The aim of this notebook is to convert appropriate Webnucleo XML data into Excel.  Begin by installing and importing the necessary libraries.

In [1]:
import sys, io, requests, html

!{sys.executable} -m pip install --quiet pandas
!{sys.executable} -m pip install --quiet xmlcoll

import pandas as pd
import xmlcoll as xc

Now create an empty XML collection.

In [2]:
my_collection = xc.Collection()

Now choose an input XML file and update the XML data.  The file needs to be in the local directory or have an appropriate path specified.  On Colab, upload the file in the directory specified by the tab in the left frame.  This example uses data from [OSF](https://osf.io/wj5rd).  Change this by using a local file (e. g., *example.xml*, in the commented line).

In [3]:
my_collection.update_from_xml(io.BytesIO(requests.get('https://osf.io/wj5rd/download').content))

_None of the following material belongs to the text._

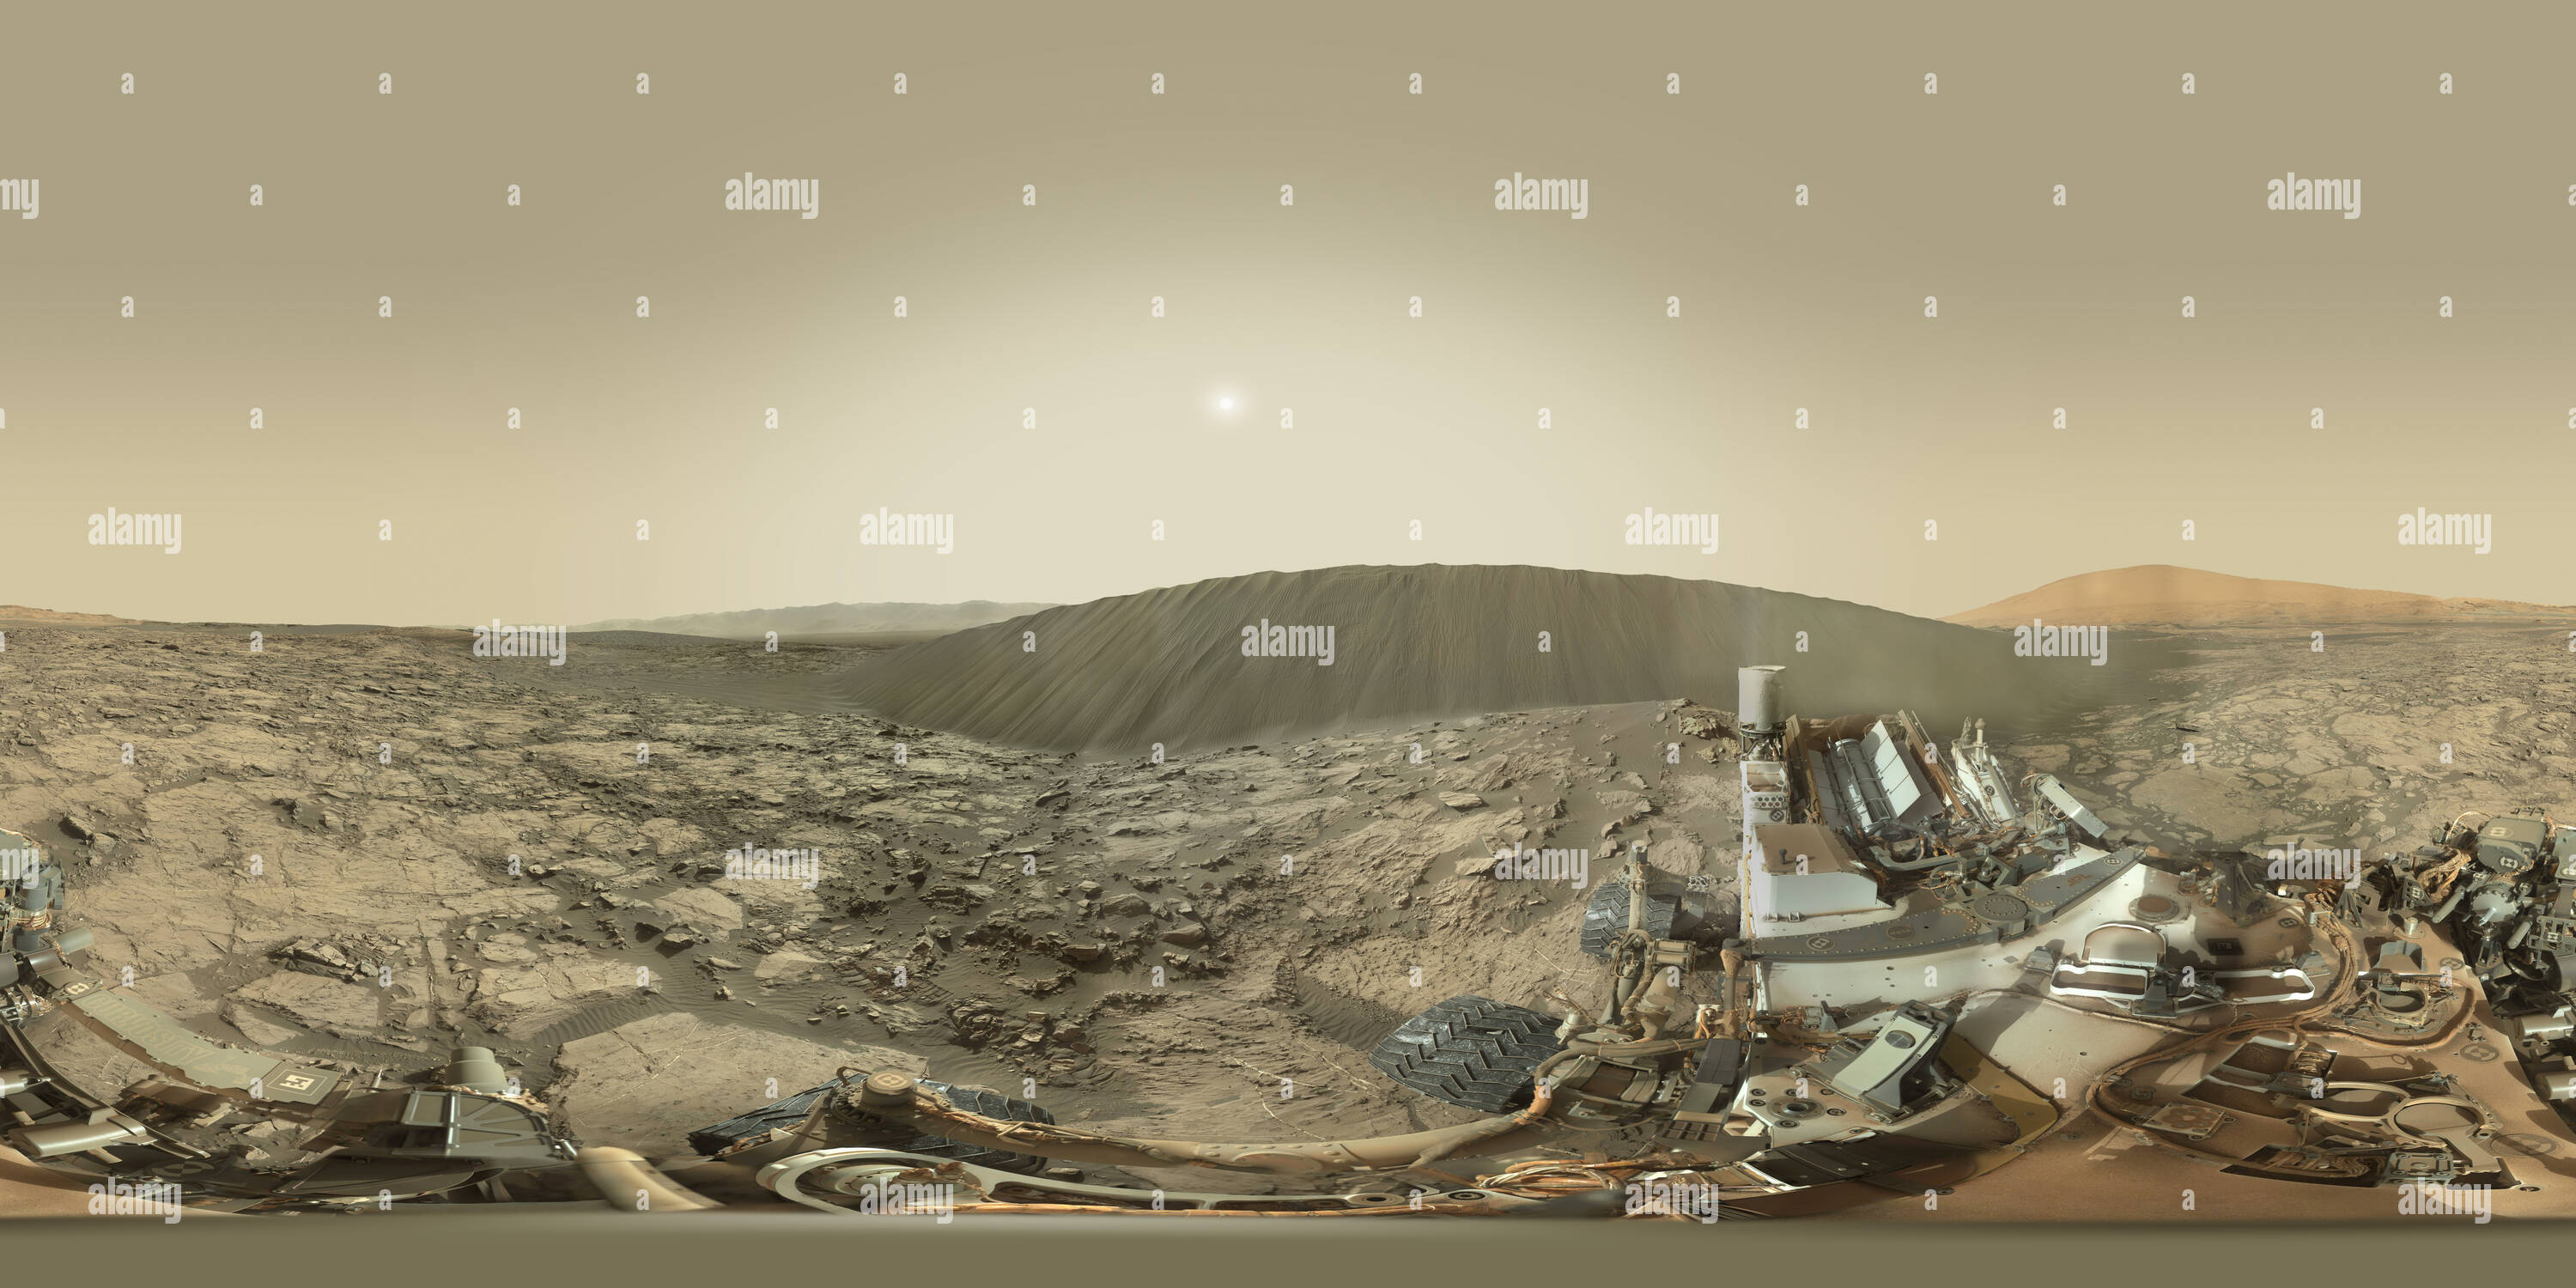 360 degree panoramic view of Mars Panorama - Curiosity rover: Martian solar day 1197

Next, create a data frame.

In [4]:
df = pd.DataFrame()

Now iterate through the data and add to the data frame.

In [5]:
items = my_collection.get()
for item in items:
    data_line={}
    props = items[item].get_properties()
    for prop in props:
        str = ""
        if isinstance(prop, tuple):
            for i in range(len(prop)):
                str += prop[i]
                if i < len(prop) - 1:
                    str += "_ "
        else:
            str = prop
        data_line[str] = [props[prop]]

    df_add = pd.DataFrame(data_line, index=[item])
    df_add.index.name = 'name'

    df = pd.concat([df, df_add])

Finally, output the data frame to Excel.  Change the name of the output file by changing the value of *output_excel_file*.  The output file will be written locally.  On Colab, check under the folder tab to the left for the output.

In [6]:
output_excel_file = 'my_output.xlsx'

df.to_excel(output_excel_file)